Estimating the sample size of a clinical trial to make a meta-analysis conclusive. An example on meta-analysis of inhaled isoniazid chemoprophylaxis for tuberculosis in purified protein derivative negative HIV-infected individuals

Article type
Authors
Thorlund K1, Anema A2, Mills E3
1Clinical Epidemiology and Biostatistics, McMaster University, Hamilton, Ontario, Canada
2University of British Columbia, Vancouver, British Columbia, Canada
3Faculty of Health Sciences, University of Ottawa, Ottawa, Ontario, Canada
Abstract
Introduction: Many meta-analyses may provide misleading or inadequate inferences about the reliability of the evidence when an insufficient number of events and patients exist from trials that have been pooled. Nowadays most meta-analyses are frequently updated and subjected to significance testing as new trials emerge.
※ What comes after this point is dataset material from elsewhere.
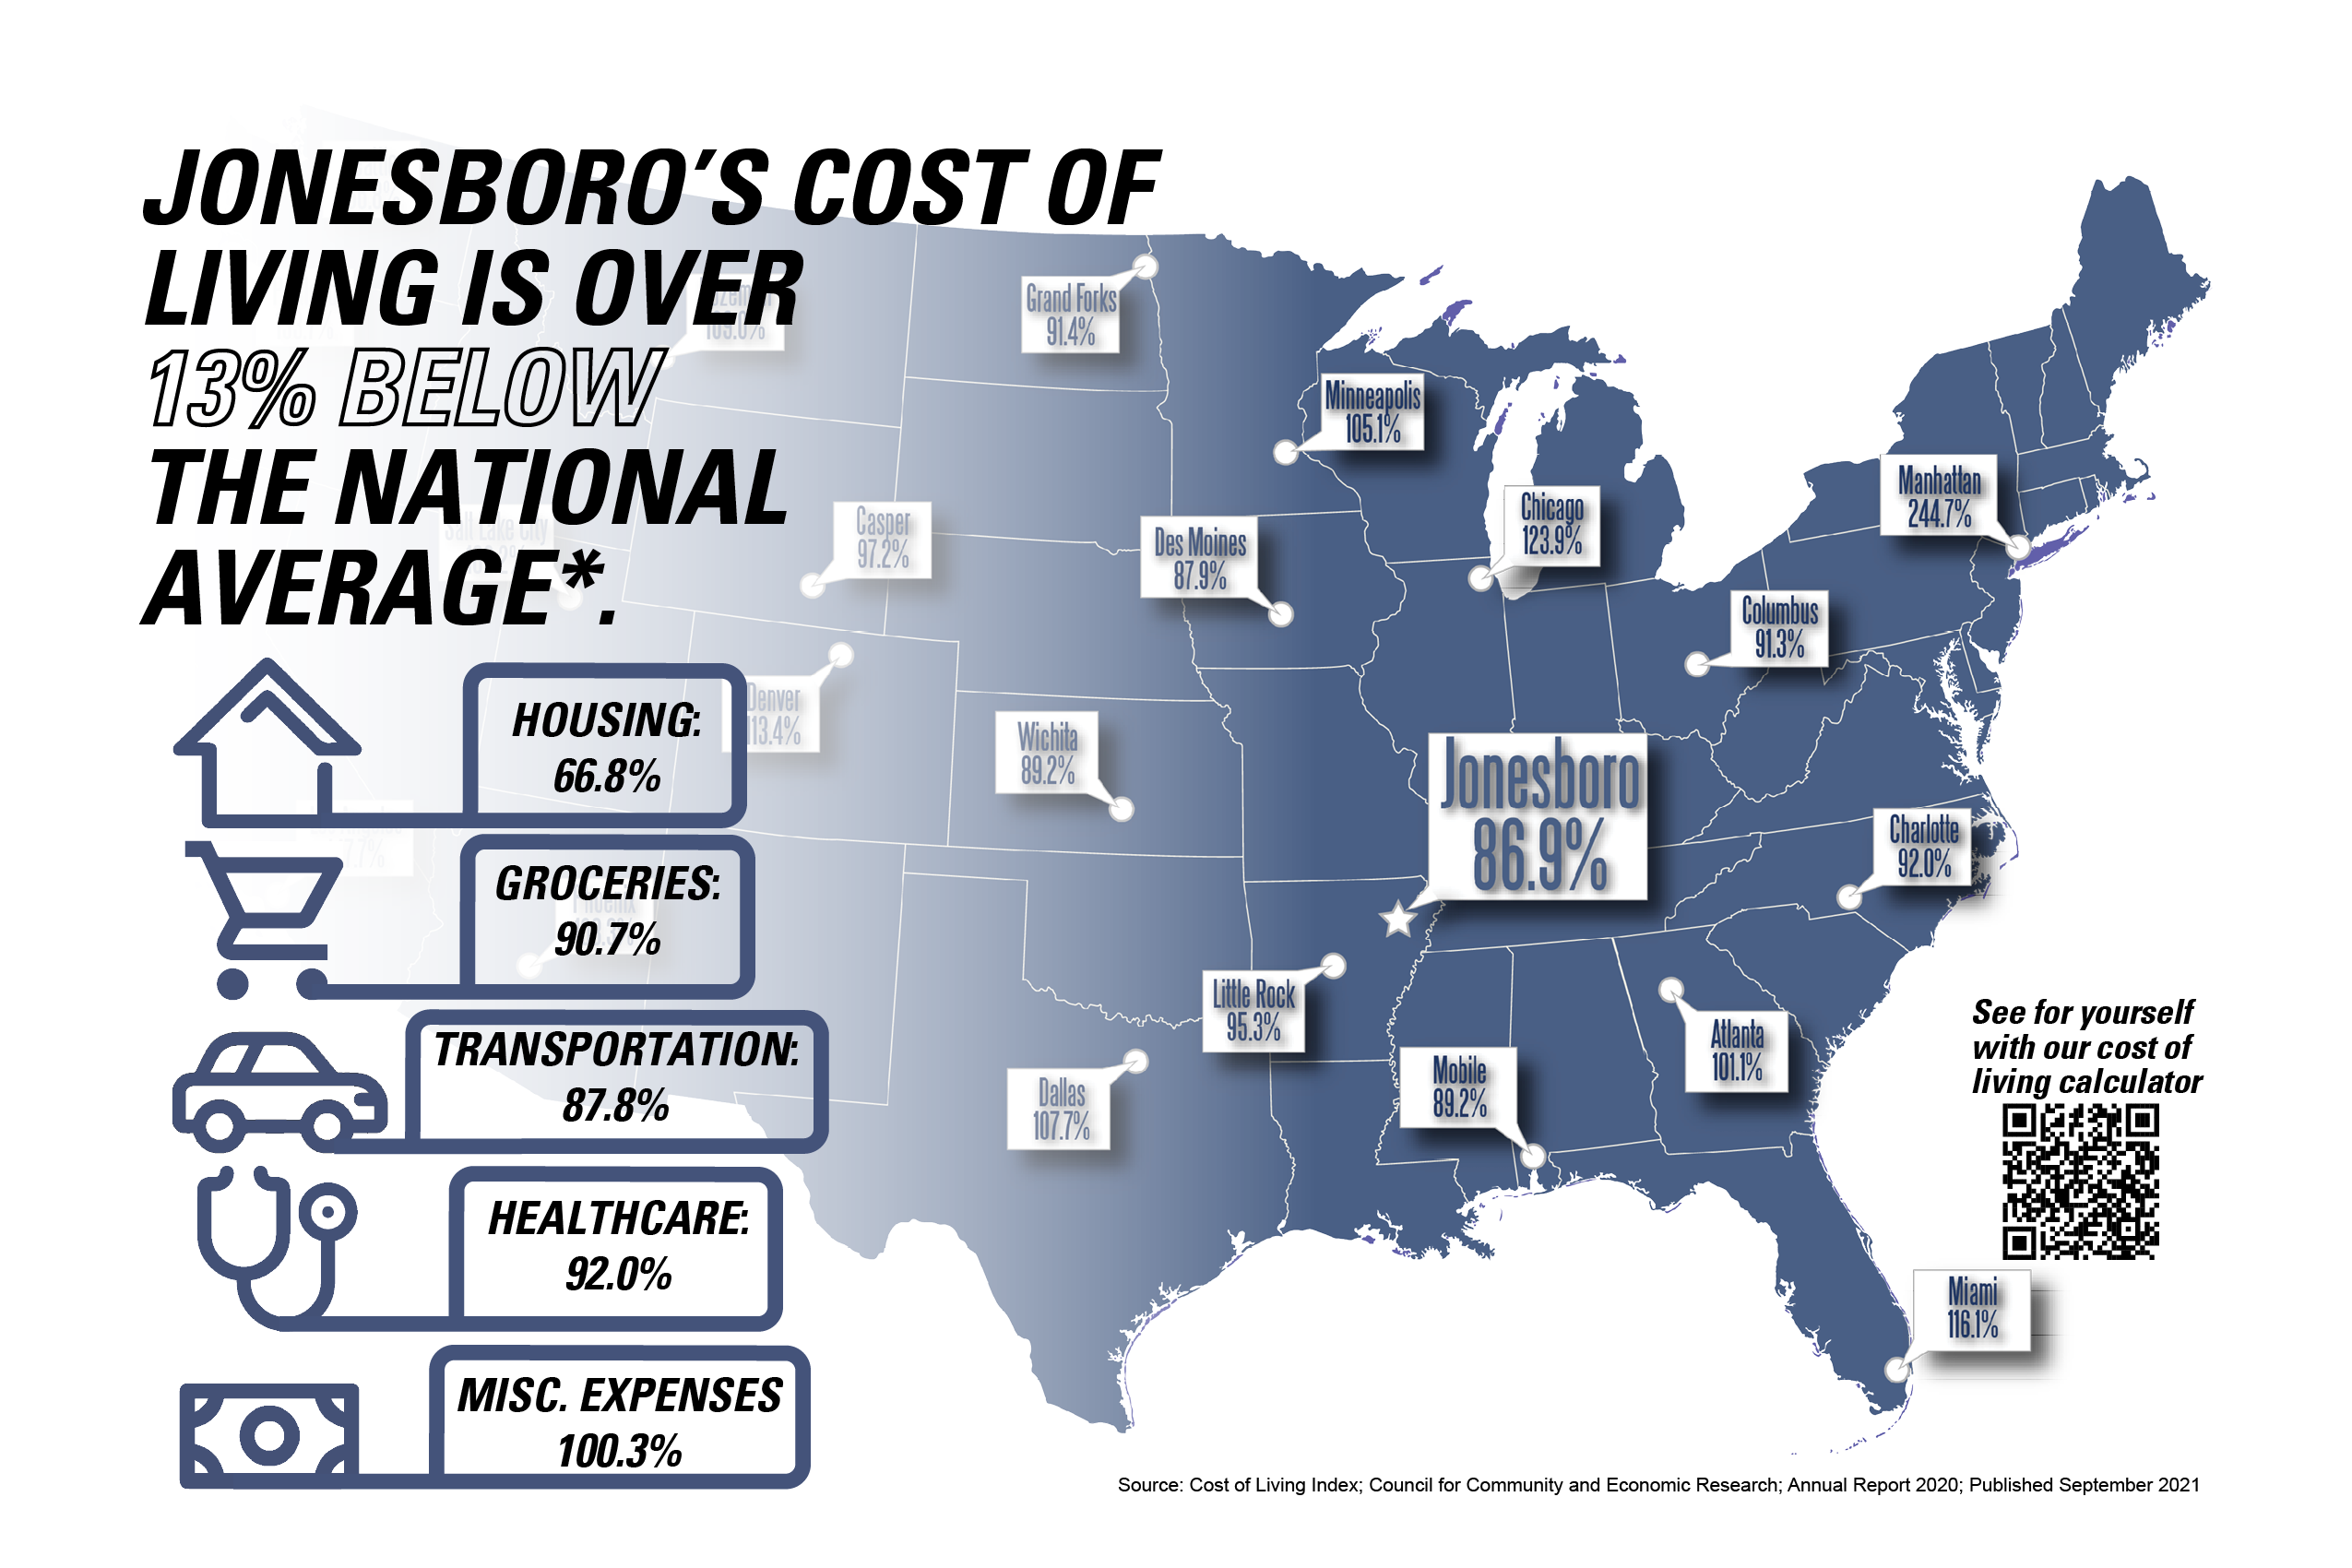 Jonesboro's Cost of Living is Among the Lowest in the Country

This scenario is akin to interim analyses in randomized clinical trials (RCTs) where statistical monitoring boundaries and sample size requirements are used to efficiently and reliably establish whether the experimental treatment is superior. A growing body of evidence suggests that statistical monitoring boundaries yield similar utility when applied to meta-analysis. In addition, they can be useful for determining how many patients need to be randomized in future trials before the meta-analysis can be deemed conclusive and reliable. Methods: We performed prospective meta-analysis of RCTs that evaluated the effectiveness of isoniazid chemoprophylaxis versus placebo for preventing tuberculosis among HIV-positive individuals testing purified protein derivative negative. We calculated the required meta-analysis sample size, generated adjusted thresholds for statistical significance using trial LanDeMets monitoring boundaries and approximated the total number of patients required in future trials to make the meta-analysis statistically significant according to the adjusted thresholds. Results: The meta-analysis included nine trials comprising 2911 participants and yielded a relative risk of 0.74 (95% CI, 0.53-1.04, P = 0.08). To deem the meta-analysis statistically significant according to the adjusted thresholds set by the monitoring boundaries, a future RCT would need to randomize 3,800 participants (figure 1). Limitations: The projected future trial sample size of 3800 is only reliable to the extent that the underlying assumptions made for the required meta-analysis sample size are reasonable approximations of the truth . Conclusion: Statistical monitoring boundaries provide a framework for interpreting meta-analysis according to the adequacy of sample size and project the required sample size for a future RCT to make a meta-analysis conclusive.